- AIM OF THE TASK:
In the data below, restate exactly the lines from the one with "us paris hilton" to the final line, both included, but not the pictures.

(Dataset items)
######
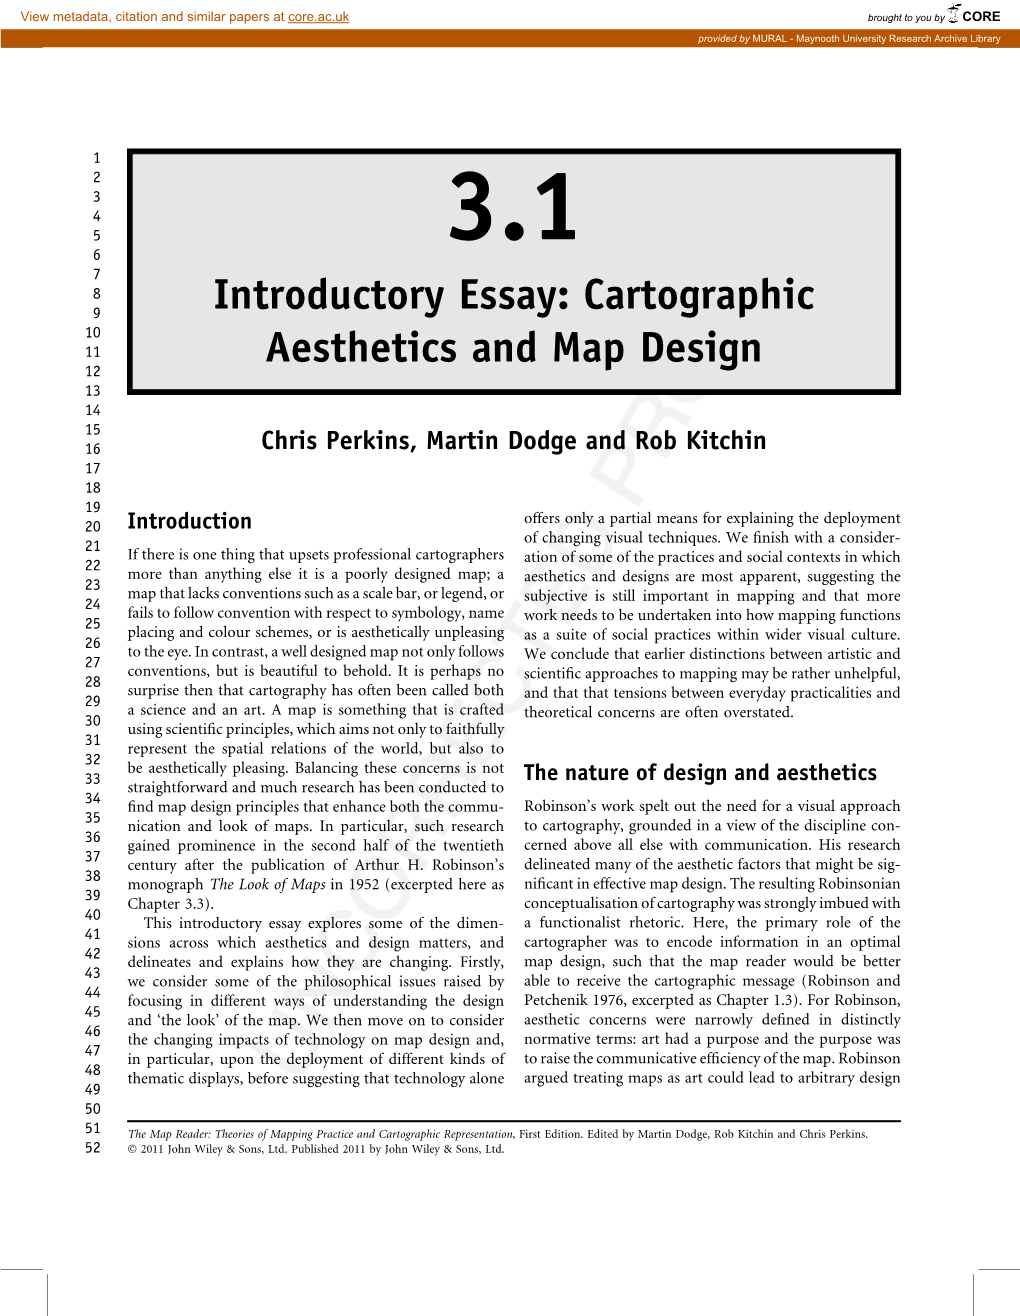 Introductory Essay: Cartographic Aesthetics and Map Design
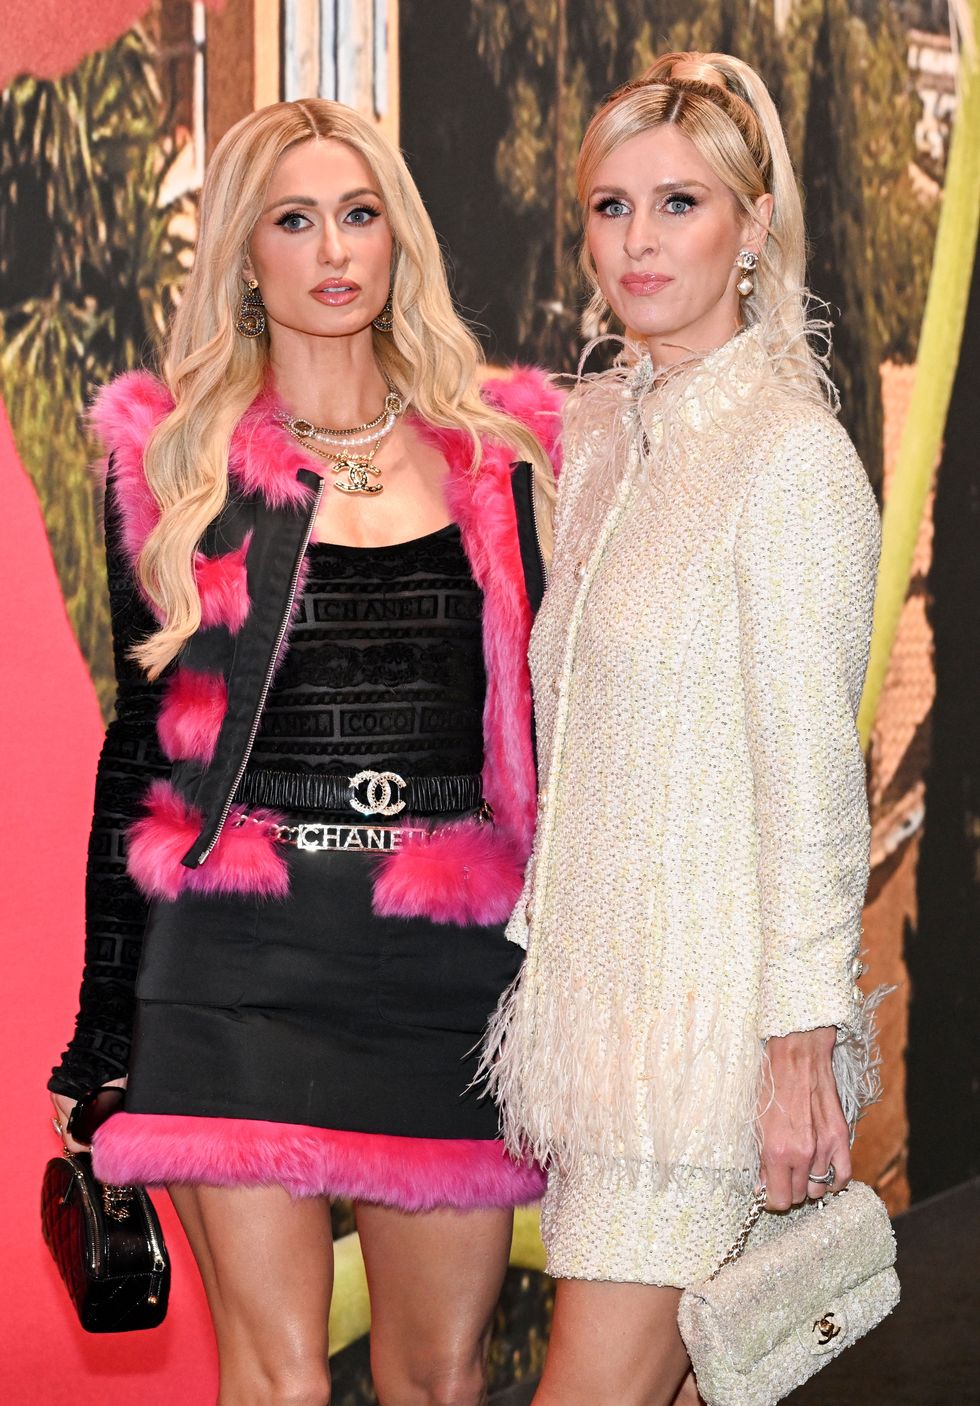 us paris hilton l and her sister nicky hilton pose during a photocall prior to the chanel show as part of the paris fashion week womenswear springsummer 2024 at the grand palais ephemere in paris on october 3, 2023 photo by bertrand guay afp photo by bertrand guayafp via getty images
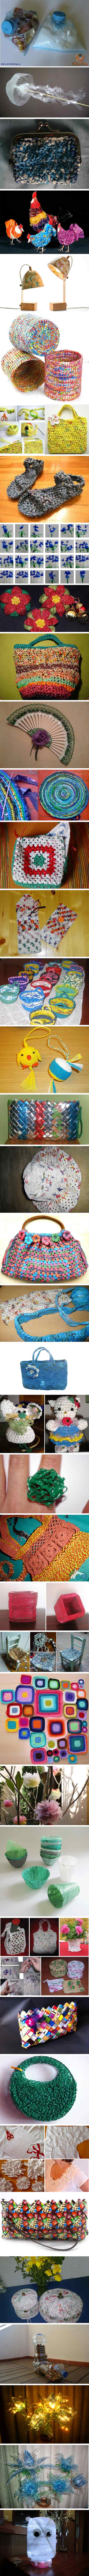 creative crafts recycling plastic bags 1
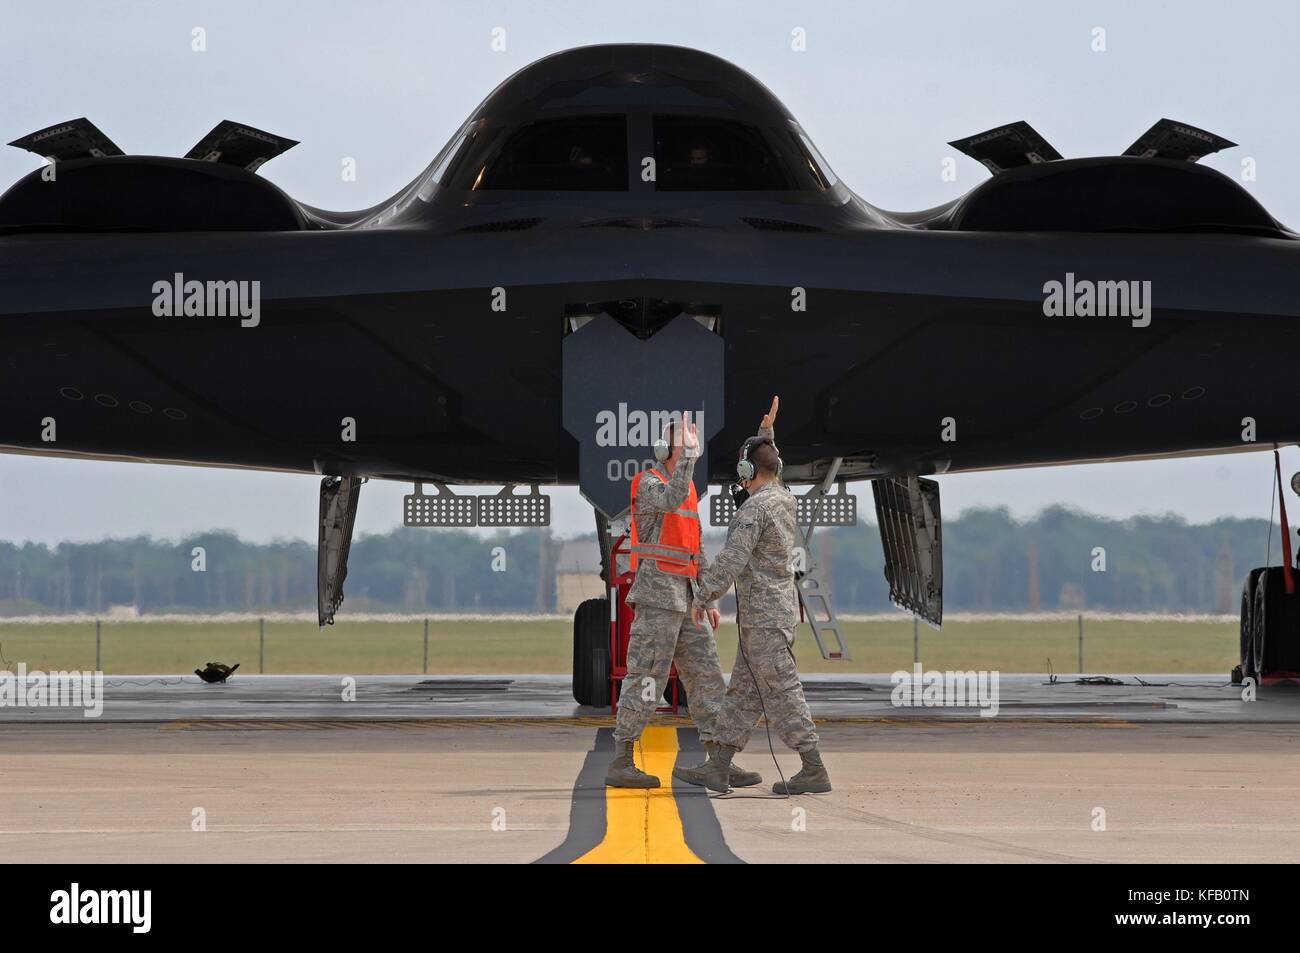 U.S. Air Force pilots give each other a high-five on the runway in front of a U.S. Air Force B-2 Spirit stealth bomber aircraft at the Whiteman Air Force Base September 8, 2009 near Knob Noster, Missouri.    (photo by Kenny Holston via Planetpix) Stock Photo
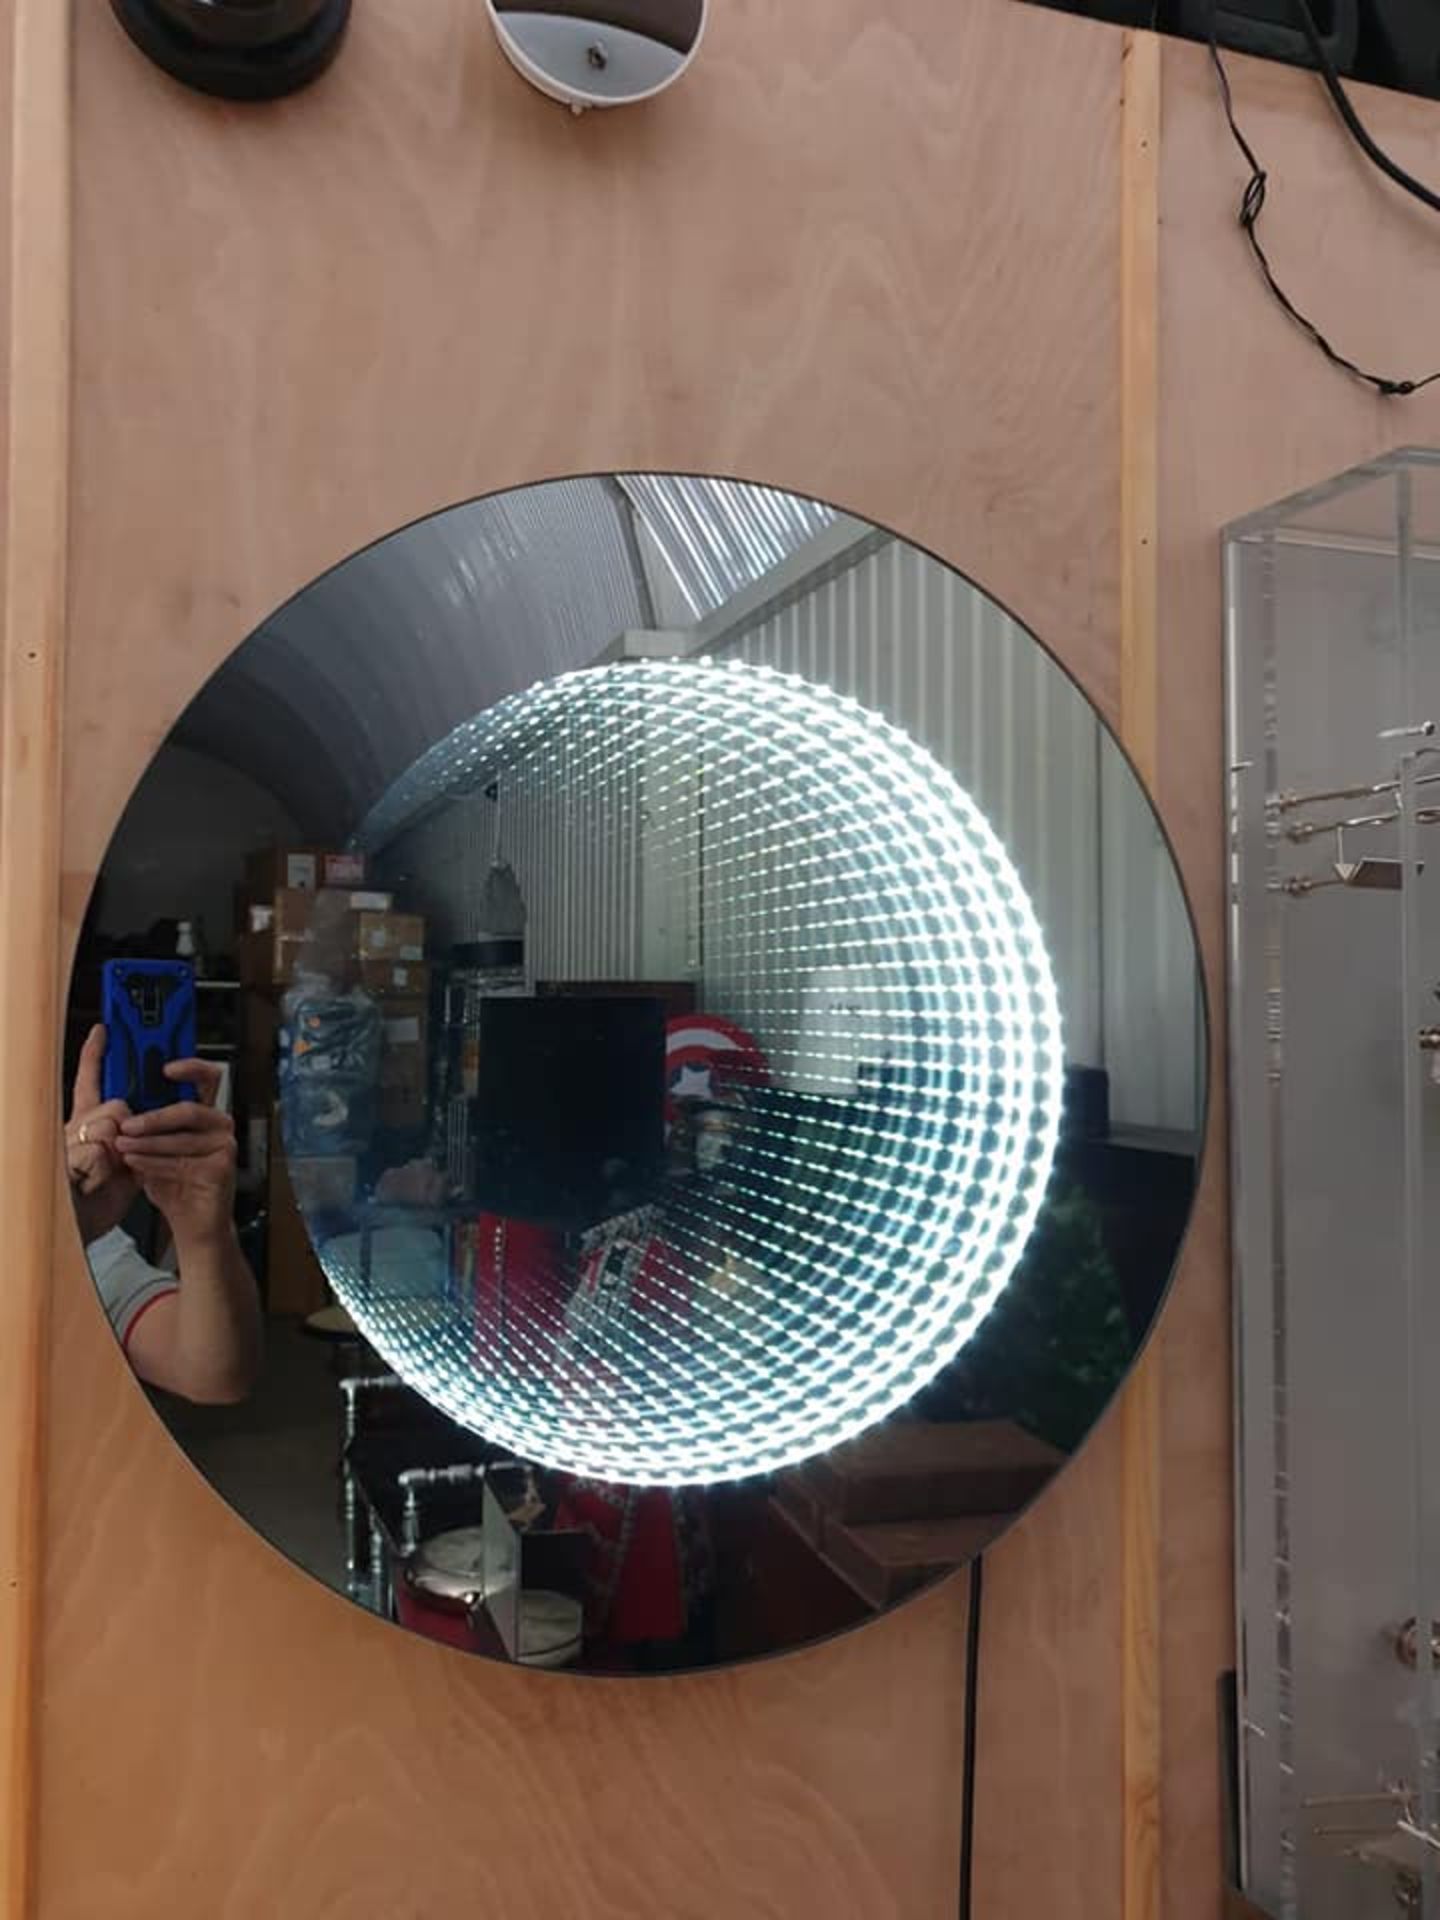 Infinity Mirror Lights Up To Reveal A Seemingly Endless Line Of Reflections Appearing Smaller And - Image 2 of 2
######
- WRITTEN REPLY:
 us paris hilton l and her sister nicky hilton pose during a photocall prior to the chanel show as part of the paris fashion week womenswear springsummer 2024 at the grand palais ephemere in paris on october 3, 2023 photo by bertrand guay afp photo by bertrand guayafp via getty images
 creative crafts recycling plastic bags 1
 U.S. Air Force pilots give each other a high-five on the runway in front of a U.S. Air Force B-2 Spirit stealth bomber aircraft at the Whiteman Air Force Base September 8, 2009 near Knob Noster, Missouri.    (photo by Kenny Holston via Planetpix) Stock Photo
 Infinity Mirror Lights Up To Reveal A Seemingly Endless Line Of Reflections Appearing Smaller And - Image 2 of 2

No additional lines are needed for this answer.